Methods Monthly survey results (>1 million responders per month; 320.326 responders with positive COVID-19 test and disease duration <30 days were included in this study) were used sequentially in identifying and validating COVID-19 syndromic phenotypes. Logistic Regression Weighted Multiple Correspondence Analysis (LRW-MCA) was used as a preprocessing procedure, in order to weight and transform symptoms recorded by the survey to eigenspace coordinates (i.e. object scores per case / dimension), with a goal of capturing a total variance of > 75%. These scores along with symptom duration were subsequently used by the Two Step Clustering algorithm to produce symptom clusters. Post-hoc logistic regression models adjusting for age, gender and comorbidities and confirmatory linear principal components analyses were used to further explore the data. The model created from 66.165 included responders in August, was subsequently validated in data from March – December 2020.
Results Five validated COVID-19 syndromes were identified in August: 1. Afebrile (0%), Non-Coughing (0%), Oligosymptomatic (ANCOS) 2. Febrile (100%) Multisymptomatic (FMS) 3. Afebrile (0%) Coughing (100%) Oligosymptomatic (ACOS), 4. Oligosymptomatic with additional self-described symptoms (100%; OSDS) and 5. Olfaction / Gustatory Impairment Predominant (100%; OGIP).
Discussion We present 5 distinct symptom phenotypes within the COVID-19 spectrum that remain stable within 9 – 12 days of first symptom onset. The typical febrile respiratory phenotype is presented as a minority among identified syndromes, a finding that may impact both epidemiological surveillance norms and transmission dynamics.
1. Introduction
Since its emergence, COVID-19 has conceptually evolved from a viral pneumonia to a multisystem disease with insidious onset and diverse outcomes (1). As additional cases caused a shift in case definitions, big data and detailed symptom indexing arose as a necessity toward guiding evidence-based medicine and preventing severe outcomes (2). An intrinsic perturbation in using expert-based definitions is inherent bias (i.e. as this is a hypothesis- or observation-driven approach), and an expected lack of recognition of fringe cases or spectrums, that may however be deemed as such due to their underrepresentation within a given cohort.
We were the first to phenotype comorbidity in obstructive sleep apnea (OSA) using a combination of preclustering principal component analysis to identify latent structures within our datasets, and subsequently map them using the TwoStep Cluster algorithm (3). The methodology we proposed has been adopted by other research groups (4 – 8) and successfully implemented in other disease models, enabling the ad hoc development of diverse phenotyping concepts (9 – 12).
Data-driven recognition of COVID-19 phenotypes will allow an unbiased mapping of the global clinical spectrum, along with identifying susceptibility and severity clusters that demand a significantly different clinical approach. Furthermore, these data-driven phenotypes would enable the design of clinical studies and enhance outcome design and evaluation, producing efficacious, bias-free treatments and interventions.

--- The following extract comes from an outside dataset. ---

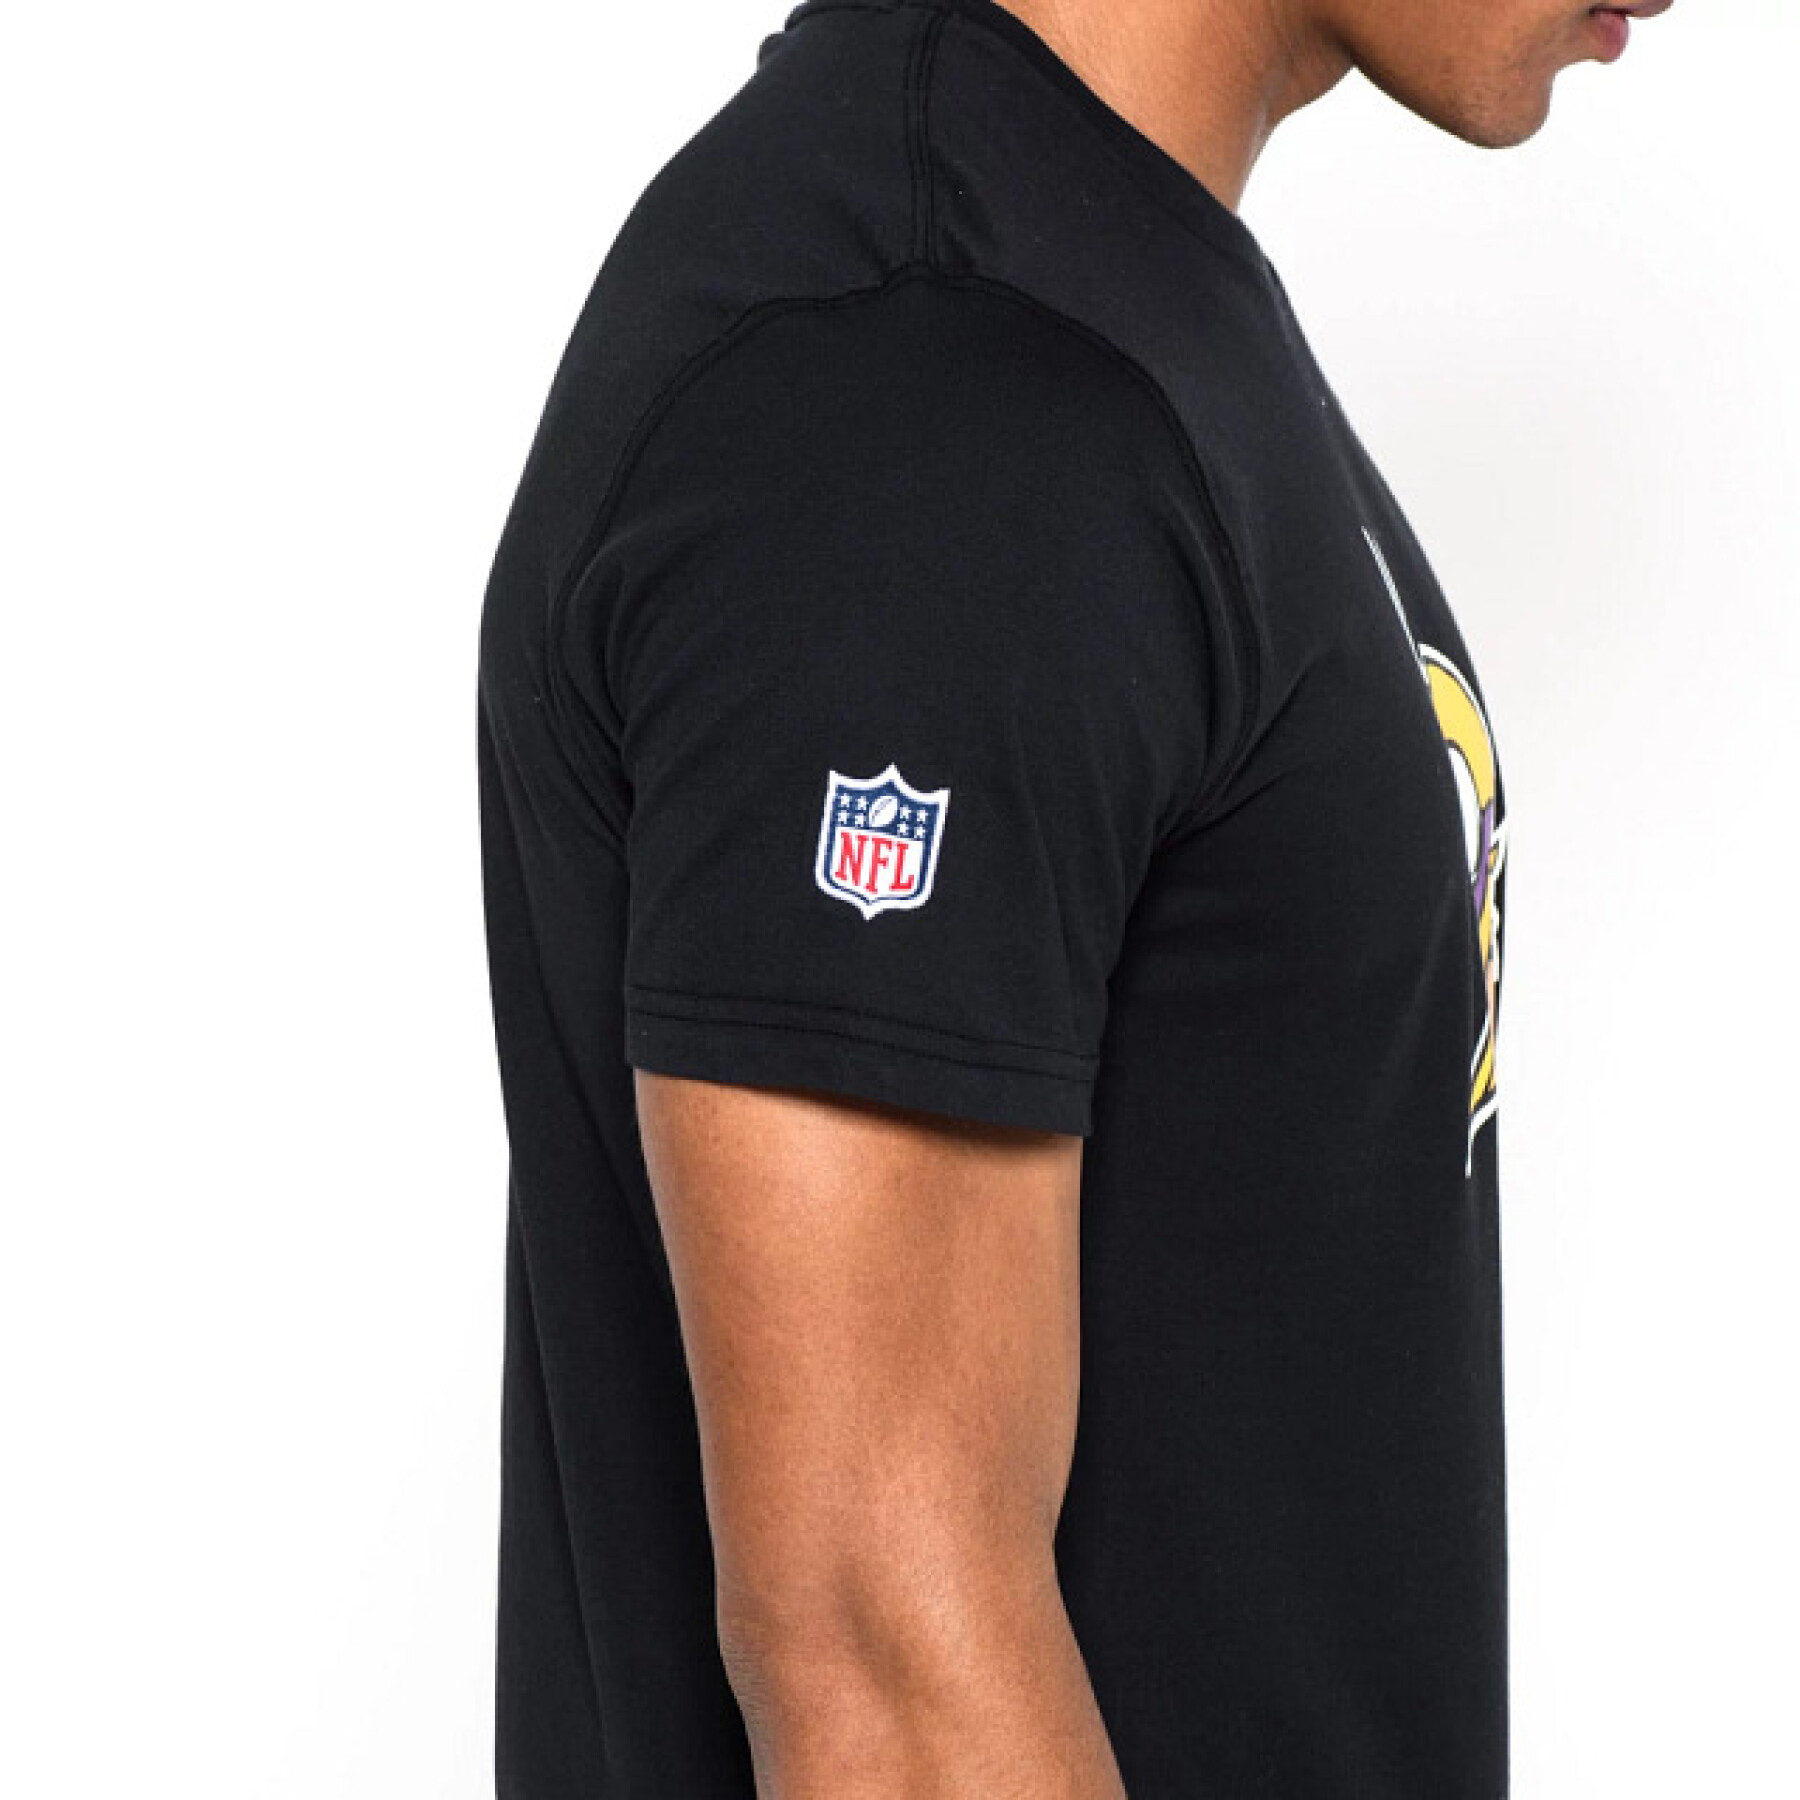 T-Shirt NFL Minnesota Vikings

Therefore, the specific aims of the study were the following:
The use of reported symptoms to identify latent structures via categorical PCA and dimension reduction approaches, using data from the COVID-19 Delphi Facebook study.
To scrutinize the previously created latent structures as potential COVID-19 phenotypes or phenotyping parameters via TSC and artificial intelligence-based classification.
2. Materials and methods
2.1 Study Population
Data for this study were extracted from the COVID-19 Symptom study, based on symptom surveys run by the Delphi group at Carnegie Mellon University (CMU). Initially, Facebook selects a random sample among its users in the United States. The users are then presented with the option to participate in the study. In turn, participation entails the administration of the surveys iteration, and covers data on COVID-19-like symptoms, behavioral, mental health, and economic parameters, as well as estimates on the impact of the pandemic on the responders daily life. Individual, anonymized survey responses are stored in CMU’s servers and made accessible to healthcare professionals under a project-specific data use agreement. Approximately 50,000 responders participate in the study per day, with monthly survey results comprising more than 1 million responders per month.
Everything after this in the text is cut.